“The incredible edible egg” may be the most accurate jingle ever made. Eggs are a great source of protein, they are inexpensive and they can be prepared many different ways. My personal fave is the hard-boiled egg.
A Few Nutritional Benefits of Hard Boiled Eggs
- More than half the protein of an egg is found in the egg white
- Eggs are complete proteins, which makes them beneficial for muscle building
- Hard-boiled eggs are a great compact snack that you can eat at home or take on the go
- One hard-boiled egg contains about 6 grams of muscle-building protein
- Eggs are easily digestible forms of protein, which makes them great for refueling muscles after your workout
- Eggs contain vitamin D for building stronger bones
How to Make the Perfect Hard-Boiled Egg
Place a steamer basket in a sauté pan. Fill pan with water up to the bottom of the basket. Turn heat on high and bring water to a boil. Place the eggs in basket and cover for 15 minutes. Remove the eggs and gently place them into a bowl of ice water. This will stop the cooking process. Be careful not to break the shells.
When the eggs are cool to the touch take one, crack it on a hard surface and roll until the crack surrounds the shell. The egg should pop right out. Rinse off and enjoy.
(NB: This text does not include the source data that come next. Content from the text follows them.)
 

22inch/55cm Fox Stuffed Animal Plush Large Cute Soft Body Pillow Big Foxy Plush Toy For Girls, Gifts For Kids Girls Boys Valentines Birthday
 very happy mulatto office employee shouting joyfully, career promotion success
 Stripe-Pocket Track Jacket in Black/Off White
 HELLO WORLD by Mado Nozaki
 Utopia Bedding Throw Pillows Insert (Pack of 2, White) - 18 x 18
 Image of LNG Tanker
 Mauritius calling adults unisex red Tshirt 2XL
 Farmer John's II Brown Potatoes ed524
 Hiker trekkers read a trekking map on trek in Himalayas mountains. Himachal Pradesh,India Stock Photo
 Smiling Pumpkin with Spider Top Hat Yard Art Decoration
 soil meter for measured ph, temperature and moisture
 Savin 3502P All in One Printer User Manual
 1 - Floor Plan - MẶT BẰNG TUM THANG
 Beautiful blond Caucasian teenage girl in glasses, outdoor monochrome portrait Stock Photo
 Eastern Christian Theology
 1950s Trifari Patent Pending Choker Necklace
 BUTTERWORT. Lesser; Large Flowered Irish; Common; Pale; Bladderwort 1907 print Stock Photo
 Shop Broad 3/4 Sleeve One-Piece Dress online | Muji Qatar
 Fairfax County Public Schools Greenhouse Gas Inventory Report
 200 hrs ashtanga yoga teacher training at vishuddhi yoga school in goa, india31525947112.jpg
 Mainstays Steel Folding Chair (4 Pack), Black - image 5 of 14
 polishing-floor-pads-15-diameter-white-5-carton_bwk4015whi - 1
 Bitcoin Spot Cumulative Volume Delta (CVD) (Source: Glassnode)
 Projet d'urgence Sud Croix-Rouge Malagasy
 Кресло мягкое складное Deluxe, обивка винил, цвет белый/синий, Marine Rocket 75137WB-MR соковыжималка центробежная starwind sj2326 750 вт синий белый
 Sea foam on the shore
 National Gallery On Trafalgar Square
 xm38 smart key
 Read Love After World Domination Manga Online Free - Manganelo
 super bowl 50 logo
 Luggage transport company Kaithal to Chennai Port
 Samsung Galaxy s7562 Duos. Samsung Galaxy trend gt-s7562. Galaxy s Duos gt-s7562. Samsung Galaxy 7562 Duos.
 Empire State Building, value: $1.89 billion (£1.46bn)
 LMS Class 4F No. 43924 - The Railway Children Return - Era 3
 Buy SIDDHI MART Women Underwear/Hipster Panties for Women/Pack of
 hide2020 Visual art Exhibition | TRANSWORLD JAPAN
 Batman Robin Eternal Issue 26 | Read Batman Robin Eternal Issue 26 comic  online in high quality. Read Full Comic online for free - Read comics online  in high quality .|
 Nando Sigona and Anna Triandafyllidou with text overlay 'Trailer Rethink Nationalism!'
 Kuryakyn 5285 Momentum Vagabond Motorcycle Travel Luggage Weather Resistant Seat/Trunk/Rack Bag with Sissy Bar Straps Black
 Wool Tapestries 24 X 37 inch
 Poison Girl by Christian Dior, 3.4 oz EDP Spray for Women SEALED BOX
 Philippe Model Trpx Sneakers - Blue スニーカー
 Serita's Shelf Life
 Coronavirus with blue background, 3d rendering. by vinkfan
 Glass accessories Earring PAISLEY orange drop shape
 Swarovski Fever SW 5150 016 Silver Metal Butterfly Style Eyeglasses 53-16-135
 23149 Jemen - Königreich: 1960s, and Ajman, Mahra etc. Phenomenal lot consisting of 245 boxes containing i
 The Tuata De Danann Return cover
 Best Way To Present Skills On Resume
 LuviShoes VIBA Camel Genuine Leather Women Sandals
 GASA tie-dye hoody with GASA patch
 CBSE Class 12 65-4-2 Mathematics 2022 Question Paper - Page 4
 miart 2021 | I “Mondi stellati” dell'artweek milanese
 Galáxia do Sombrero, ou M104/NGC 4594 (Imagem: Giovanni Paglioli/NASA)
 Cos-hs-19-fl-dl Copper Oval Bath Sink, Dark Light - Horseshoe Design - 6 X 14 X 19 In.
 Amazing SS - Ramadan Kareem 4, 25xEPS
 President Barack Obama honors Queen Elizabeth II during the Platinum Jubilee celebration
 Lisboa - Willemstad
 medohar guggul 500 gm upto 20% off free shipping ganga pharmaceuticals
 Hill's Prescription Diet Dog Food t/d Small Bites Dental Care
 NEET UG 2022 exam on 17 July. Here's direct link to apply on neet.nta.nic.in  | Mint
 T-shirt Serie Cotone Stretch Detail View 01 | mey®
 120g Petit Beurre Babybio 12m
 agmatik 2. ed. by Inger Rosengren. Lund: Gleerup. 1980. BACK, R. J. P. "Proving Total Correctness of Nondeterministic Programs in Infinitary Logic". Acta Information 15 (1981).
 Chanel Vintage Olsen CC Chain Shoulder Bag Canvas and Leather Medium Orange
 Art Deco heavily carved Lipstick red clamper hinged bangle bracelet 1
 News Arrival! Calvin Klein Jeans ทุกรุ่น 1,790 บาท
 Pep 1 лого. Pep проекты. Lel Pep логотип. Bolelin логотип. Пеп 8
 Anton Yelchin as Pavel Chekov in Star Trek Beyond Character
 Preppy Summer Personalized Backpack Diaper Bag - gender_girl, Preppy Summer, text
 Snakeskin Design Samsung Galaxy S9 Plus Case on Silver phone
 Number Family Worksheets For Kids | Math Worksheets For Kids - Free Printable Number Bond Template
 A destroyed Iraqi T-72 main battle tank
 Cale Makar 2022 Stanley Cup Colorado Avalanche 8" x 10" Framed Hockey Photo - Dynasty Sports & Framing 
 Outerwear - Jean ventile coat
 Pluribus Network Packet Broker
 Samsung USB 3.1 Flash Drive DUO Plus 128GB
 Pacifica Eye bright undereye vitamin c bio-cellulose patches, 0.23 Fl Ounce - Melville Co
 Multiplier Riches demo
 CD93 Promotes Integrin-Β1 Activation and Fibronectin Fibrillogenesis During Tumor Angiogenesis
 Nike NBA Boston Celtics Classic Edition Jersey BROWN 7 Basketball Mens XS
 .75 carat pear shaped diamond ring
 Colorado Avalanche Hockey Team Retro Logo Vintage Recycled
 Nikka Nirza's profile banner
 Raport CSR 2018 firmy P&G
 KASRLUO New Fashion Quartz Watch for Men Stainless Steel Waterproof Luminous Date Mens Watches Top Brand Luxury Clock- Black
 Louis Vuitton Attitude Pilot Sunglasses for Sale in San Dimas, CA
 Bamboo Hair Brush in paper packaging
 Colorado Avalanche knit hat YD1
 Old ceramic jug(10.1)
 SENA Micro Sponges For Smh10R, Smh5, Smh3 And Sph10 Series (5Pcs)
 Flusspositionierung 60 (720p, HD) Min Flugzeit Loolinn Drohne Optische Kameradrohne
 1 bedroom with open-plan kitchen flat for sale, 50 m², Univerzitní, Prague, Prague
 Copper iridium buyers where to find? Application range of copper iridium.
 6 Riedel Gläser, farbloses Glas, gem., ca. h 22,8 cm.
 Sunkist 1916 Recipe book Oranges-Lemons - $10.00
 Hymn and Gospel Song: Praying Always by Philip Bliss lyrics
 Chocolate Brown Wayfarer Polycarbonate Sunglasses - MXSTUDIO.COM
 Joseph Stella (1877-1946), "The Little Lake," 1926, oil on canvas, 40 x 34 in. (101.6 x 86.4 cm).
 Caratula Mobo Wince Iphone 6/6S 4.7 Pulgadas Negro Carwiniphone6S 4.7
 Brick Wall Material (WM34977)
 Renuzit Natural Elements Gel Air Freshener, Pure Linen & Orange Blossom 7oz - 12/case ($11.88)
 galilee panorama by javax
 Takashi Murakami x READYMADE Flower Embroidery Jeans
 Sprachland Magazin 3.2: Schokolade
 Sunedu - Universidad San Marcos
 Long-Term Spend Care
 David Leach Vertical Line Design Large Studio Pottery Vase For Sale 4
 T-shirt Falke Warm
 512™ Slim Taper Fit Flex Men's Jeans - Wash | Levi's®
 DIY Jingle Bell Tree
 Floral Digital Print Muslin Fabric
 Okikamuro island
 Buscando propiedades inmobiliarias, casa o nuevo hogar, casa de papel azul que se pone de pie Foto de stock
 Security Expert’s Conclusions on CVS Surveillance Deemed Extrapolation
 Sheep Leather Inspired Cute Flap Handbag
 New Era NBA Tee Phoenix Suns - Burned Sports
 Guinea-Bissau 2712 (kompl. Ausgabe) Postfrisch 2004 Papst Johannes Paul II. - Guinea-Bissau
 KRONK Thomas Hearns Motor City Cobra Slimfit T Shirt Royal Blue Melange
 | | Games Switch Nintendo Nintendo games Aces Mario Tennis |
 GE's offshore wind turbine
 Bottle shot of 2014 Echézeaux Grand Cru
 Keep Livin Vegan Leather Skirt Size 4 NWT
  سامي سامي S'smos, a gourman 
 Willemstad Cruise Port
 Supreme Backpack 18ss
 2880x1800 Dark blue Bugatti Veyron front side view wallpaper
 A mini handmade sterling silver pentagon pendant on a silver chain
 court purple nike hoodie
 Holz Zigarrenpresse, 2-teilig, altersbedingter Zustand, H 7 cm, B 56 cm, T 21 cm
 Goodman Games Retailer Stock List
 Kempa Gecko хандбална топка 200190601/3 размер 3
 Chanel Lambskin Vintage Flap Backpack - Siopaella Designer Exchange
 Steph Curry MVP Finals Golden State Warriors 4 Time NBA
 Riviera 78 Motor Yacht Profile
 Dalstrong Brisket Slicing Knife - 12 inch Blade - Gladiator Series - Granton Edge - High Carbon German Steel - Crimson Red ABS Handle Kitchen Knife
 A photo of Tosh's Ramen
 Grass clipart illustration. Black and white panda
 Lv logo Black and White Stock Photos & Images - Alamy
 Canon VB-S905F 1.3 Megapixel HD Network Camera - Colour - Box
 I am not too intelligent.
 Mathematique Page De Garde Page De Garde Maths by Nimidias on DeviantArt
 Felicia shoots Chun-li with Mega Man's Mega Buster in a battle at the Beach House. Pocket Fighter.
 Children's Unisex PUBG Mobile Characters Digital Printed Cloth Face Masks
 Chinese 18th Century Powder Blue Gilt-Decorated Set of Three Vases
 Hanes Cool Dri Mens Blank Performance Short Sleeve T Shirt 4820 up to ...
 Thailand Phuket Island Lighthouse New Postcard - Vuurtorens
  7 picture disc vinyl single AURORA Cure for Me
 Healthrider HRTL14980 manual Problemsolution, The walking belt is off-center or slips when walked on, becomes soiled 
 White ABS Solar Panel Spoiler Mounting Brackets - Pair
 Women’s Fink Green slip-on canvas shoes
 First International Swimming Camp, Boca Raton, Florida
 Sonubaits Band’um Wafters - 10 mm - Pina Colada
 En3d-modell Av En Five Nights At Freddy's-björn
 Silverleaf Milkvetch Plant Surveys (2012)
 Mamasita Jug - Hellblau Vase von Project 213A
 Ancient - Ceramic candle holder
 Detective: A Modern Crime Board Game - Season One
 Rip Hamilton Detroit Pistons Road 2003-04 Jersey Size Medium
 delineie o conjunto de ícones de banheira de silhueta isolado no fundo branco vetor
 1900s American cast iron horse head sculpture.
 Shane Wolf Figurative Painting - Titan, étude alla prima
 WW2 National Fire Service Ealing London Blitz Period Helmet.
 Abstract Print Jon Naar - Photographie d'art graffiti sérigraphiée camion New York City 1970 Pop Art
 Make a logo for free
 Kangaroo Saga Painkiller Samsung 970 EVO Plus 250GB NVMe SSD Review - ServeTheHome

Spice It Up with These Hard-Boiled Egg Recipes
Slice eggs in half lengthwise. Place yolks in a mixing bowl. Add mayonnaise, chives, mustard, salt, and pepper. Mash it all together. Spoon yolk mixture into halved egg whites. I bet you can’t eat just one.
All you need is three simple ingredients and a sauce bag. Grab four whole hard-boiled eggs (shells off), soy sauce, and mirin. Combine soy sauce, mirin and water in a plastic bag. Put the eggs in the sauce bag and close tightly. Make sure the eggs are fully submerged in the marinade. Place in the fridge anywhere from 3 hours to overnight. Remove eggs and discard the marinade. Cut in half and serve with a bowl of hot ramen.